Цзю внимательно наблюдал за стариком и отлично понимал, что с ним делается.

– Попробуйте счастье, лао-гэ (старший брат), – сказал он.

– Ну, я не умею, – отговаривался старик, хотя ему страшно хотелось поставить несколько рублей на эти бесстрастные, но обладавшие каким-то мистическим смыслом, загадочные, живые существа – цифры на игорной скатерти, несущие одним счастье и богатство, а другим – горе и разорение…

– Ничего, – подбадривал его Цзю, – я помогу!

Старику казалось неудобным отказываться дольше от любезного предложения хозяина, да и хмель ударил ему в голову; обычная осторожность и прижимистость крестьянина покинули его – он поставил небольшую ставку на диагональную черту между цифрами 1 и 2.

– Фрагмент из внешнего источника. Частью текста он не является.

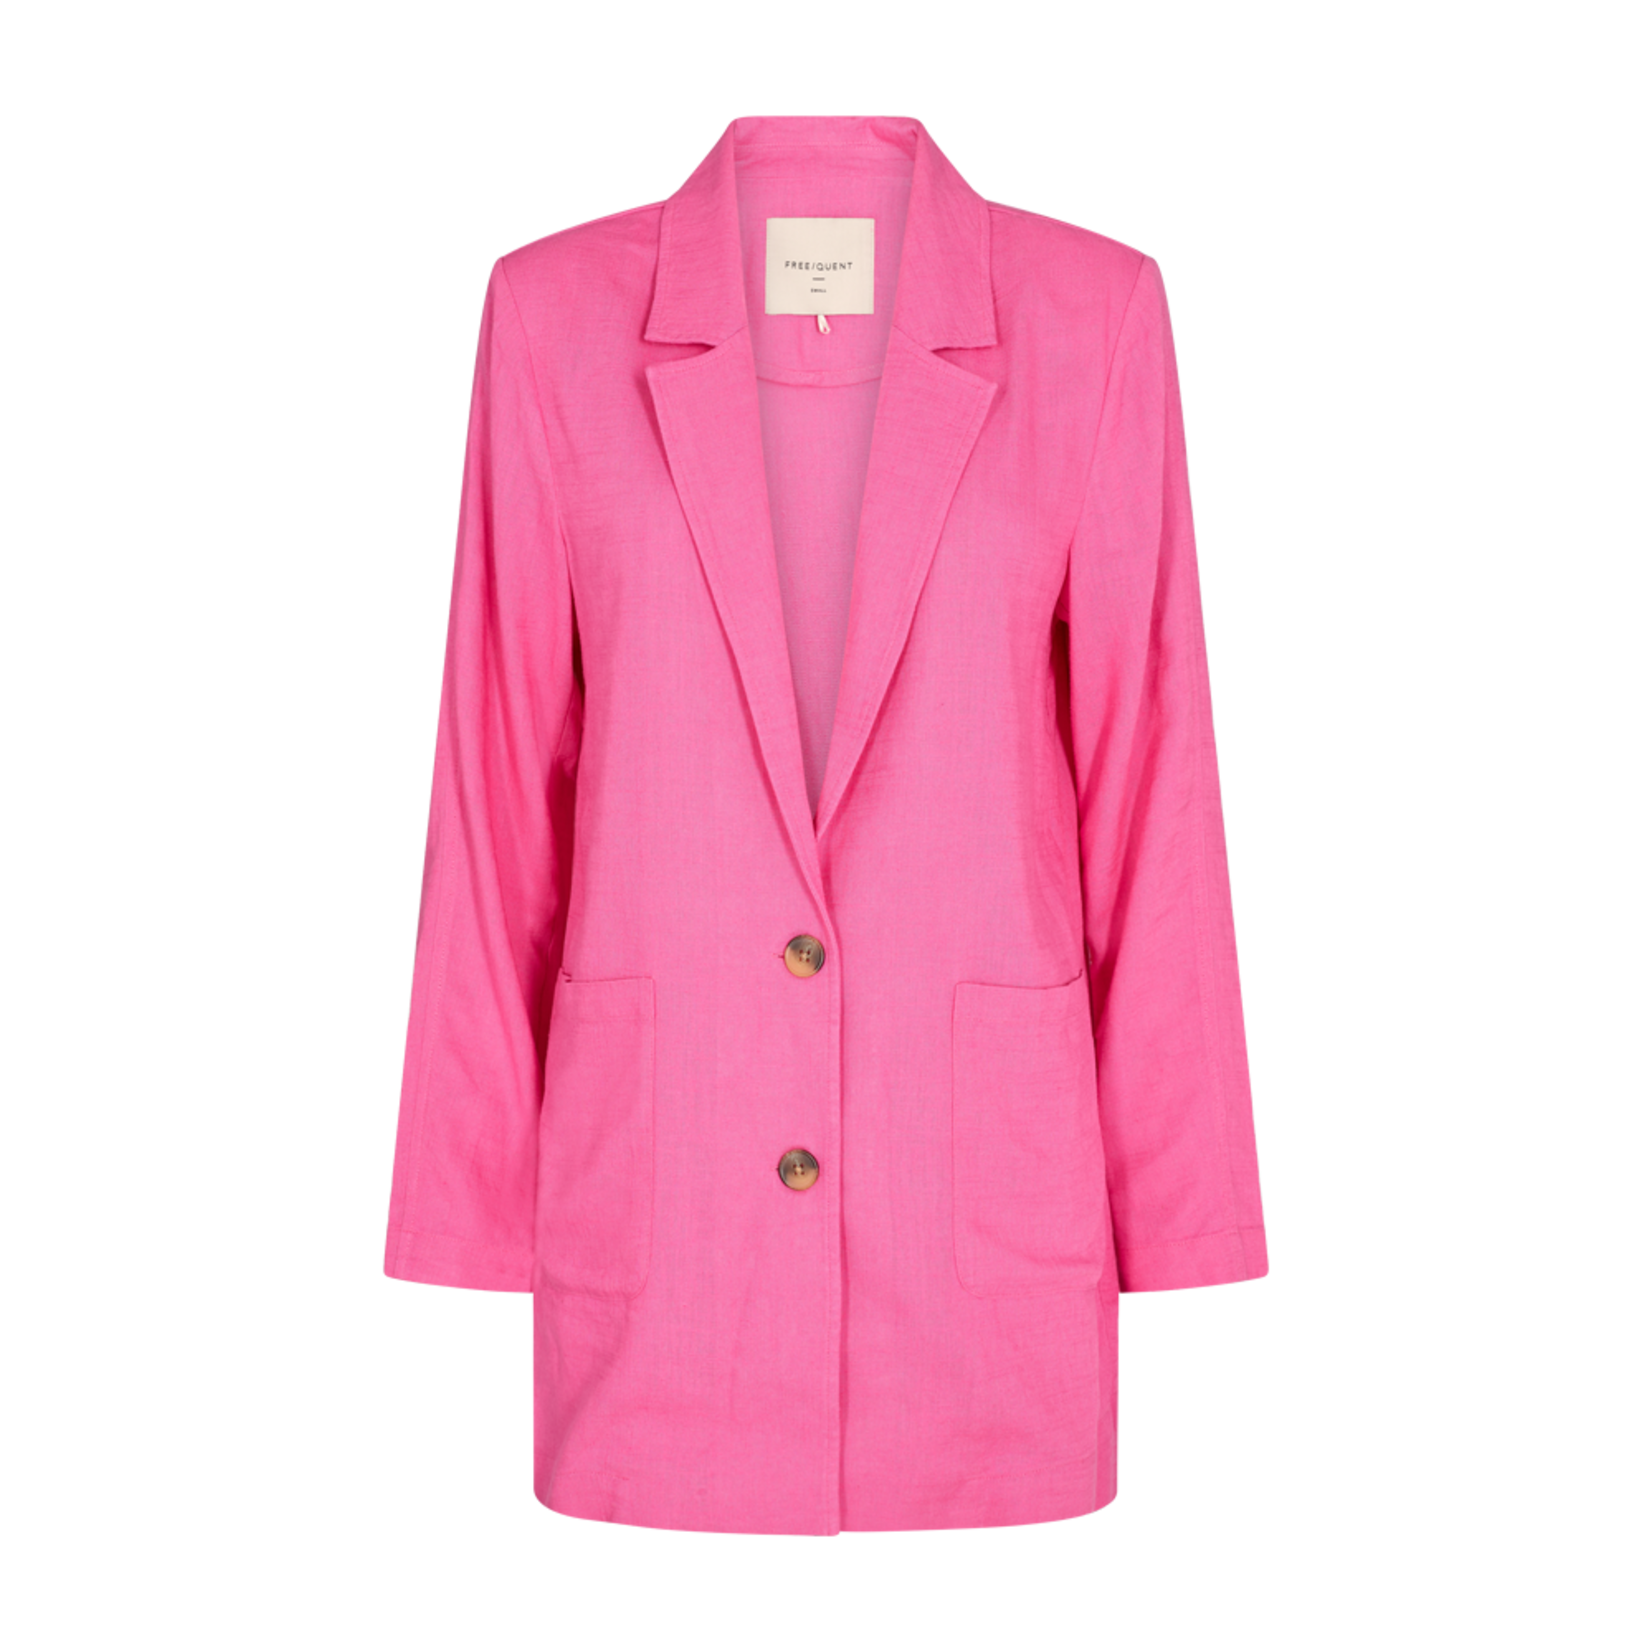 Free/quent Deze jas in roze linnen, de Luigi collectie
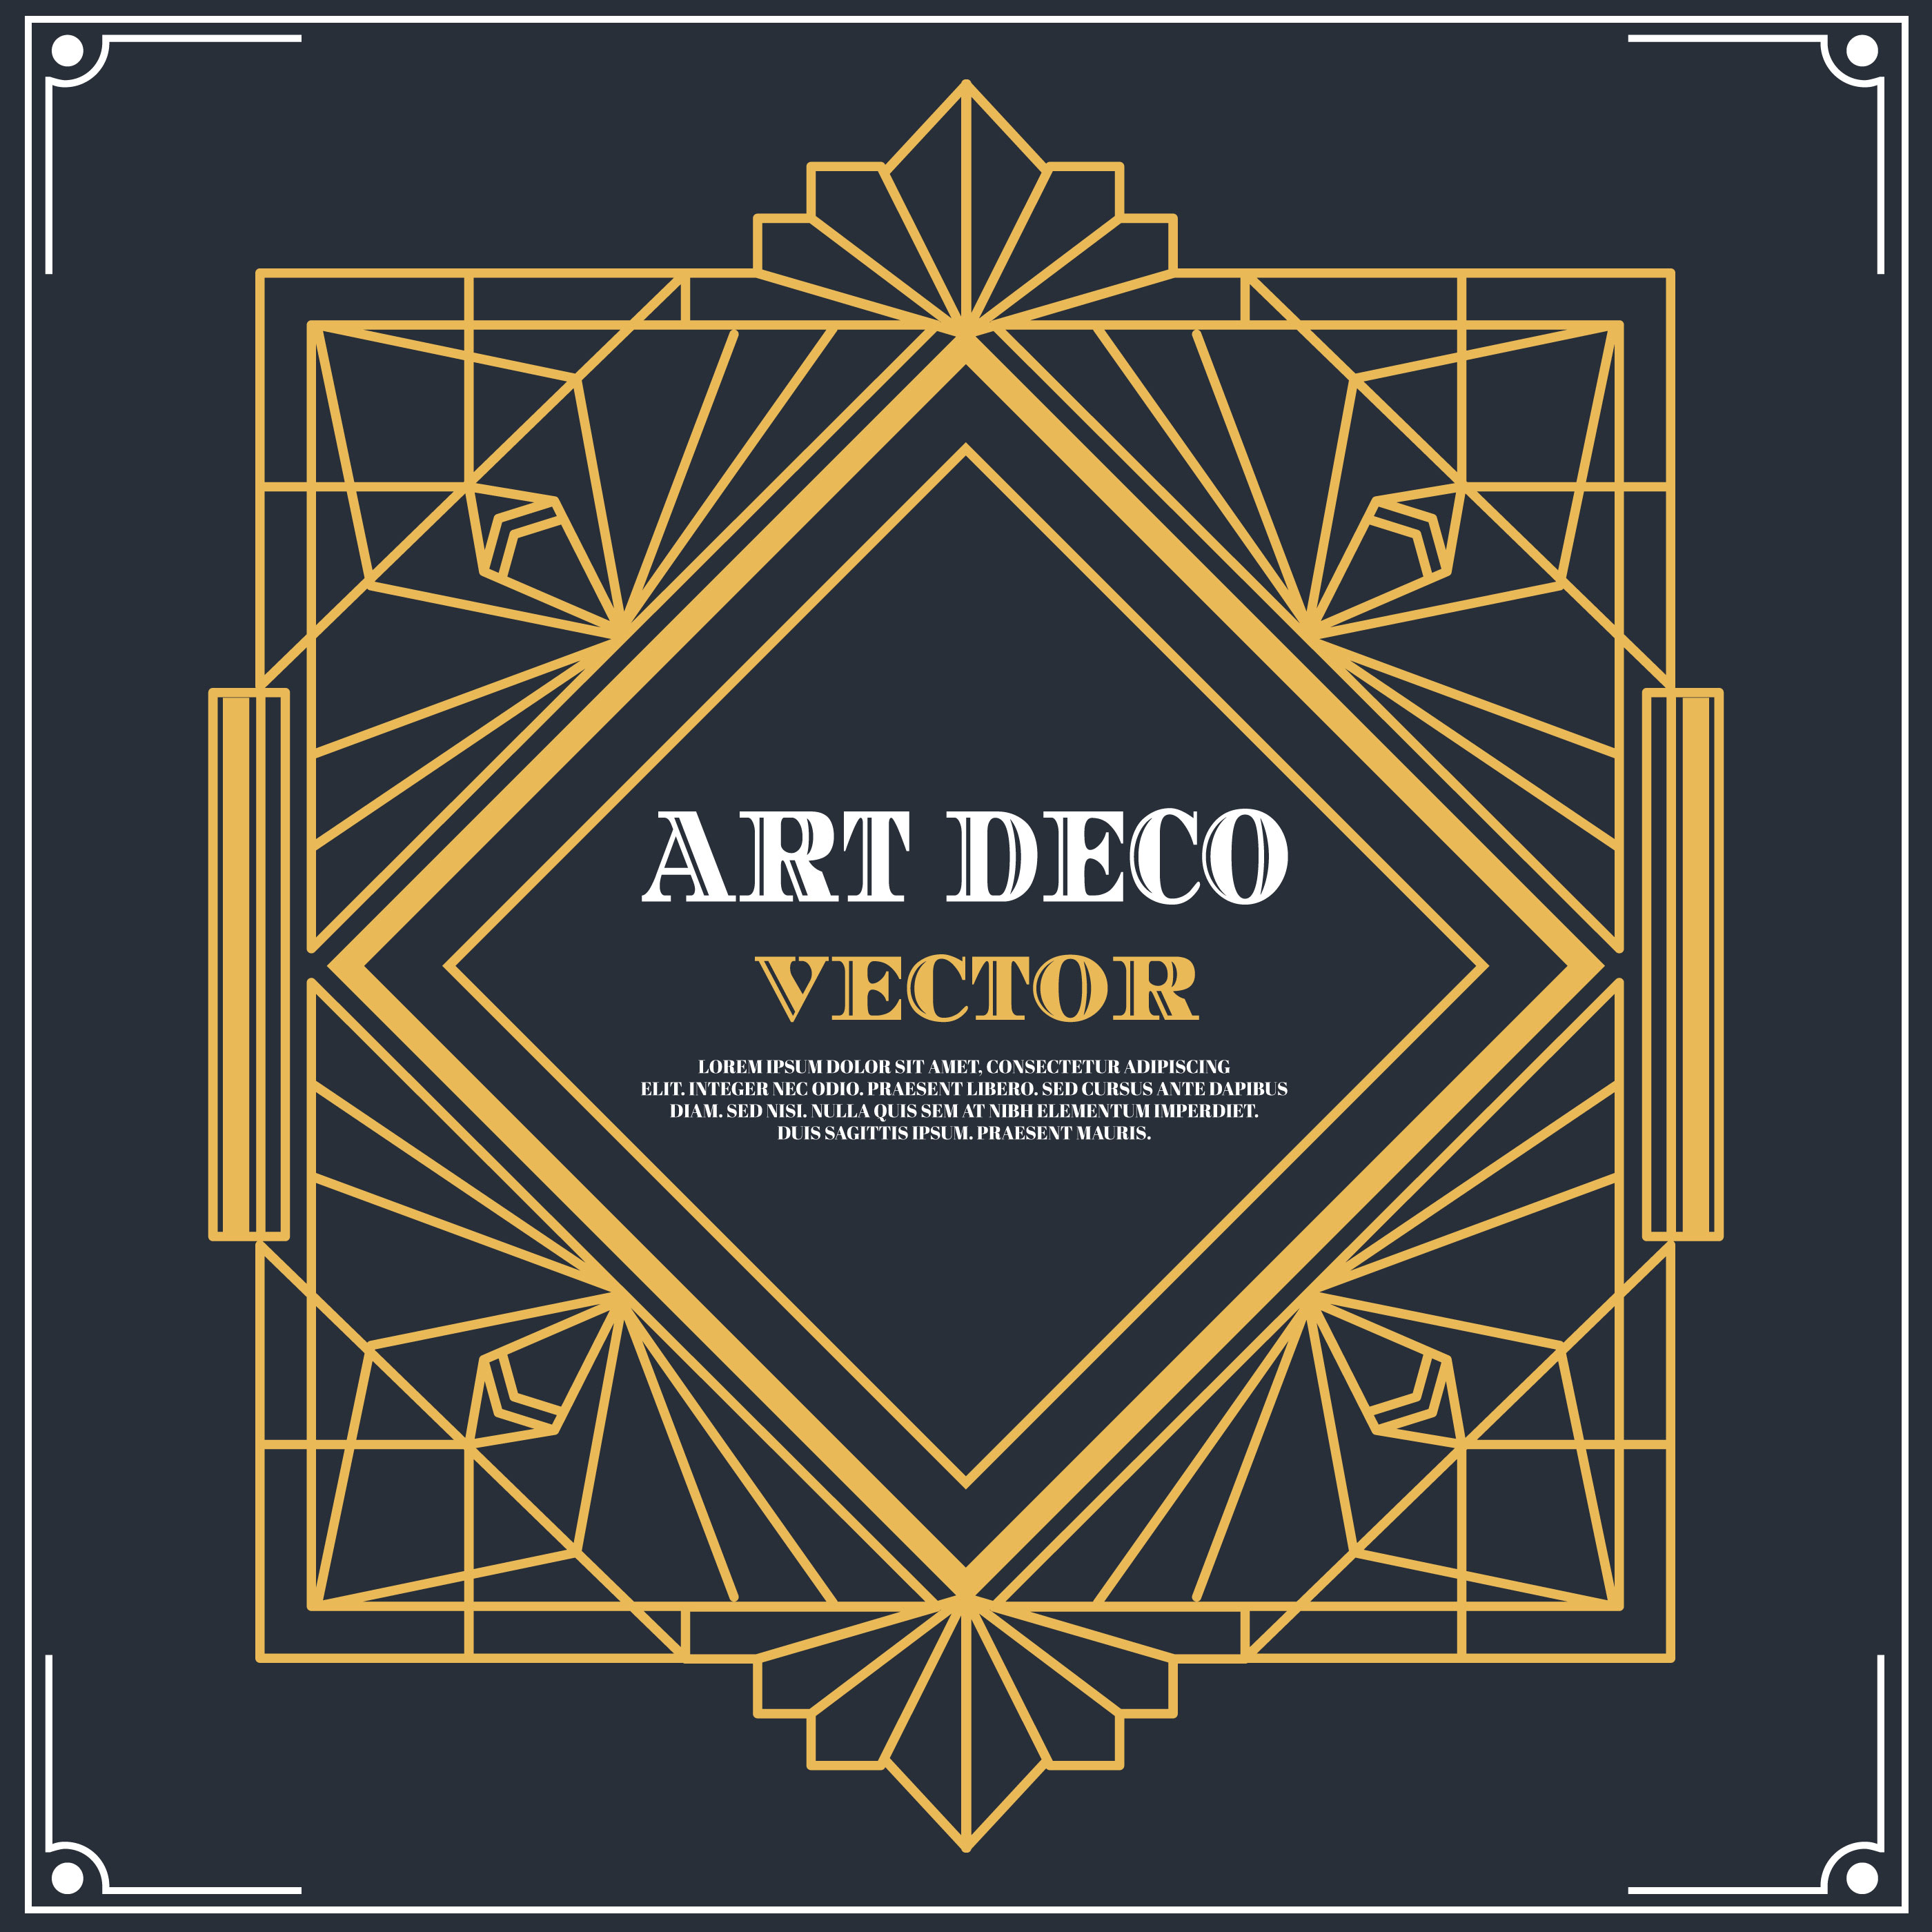 artwork-labels-art-deco-label-vector-download-free-vectors-clipart

Он выиграл столько же, сколько и поставил.

– Поздравляю, поздравляю, – говорил Цзю, – видите, у вас есть счастье!

Старик снова поставил на «ординар» и снова выиграл сумму, равную ставке.

– Ставьте тройную, ставьте тройную, – уговаривал Цзю.

Необычайное волнение, жадность к деньгам, выпитое вино, прирожденный, долго подавляемый азарт, наконец, сделали свое дело; старик стал беспорядочно бросать ставки одну за другою на разные цифры, проигрывал и выигрывал…

Только поздно ночью оторвался он от стола и то только потому, что пора было закрывать бао-цзюй. Он был в крупном проигрыше.

Как пласт, свалился он на кан в комнате своего «друга» и, вопреки многолетнему обыкновению, проснулся на другой день не с рассветом, а проспал до полудня.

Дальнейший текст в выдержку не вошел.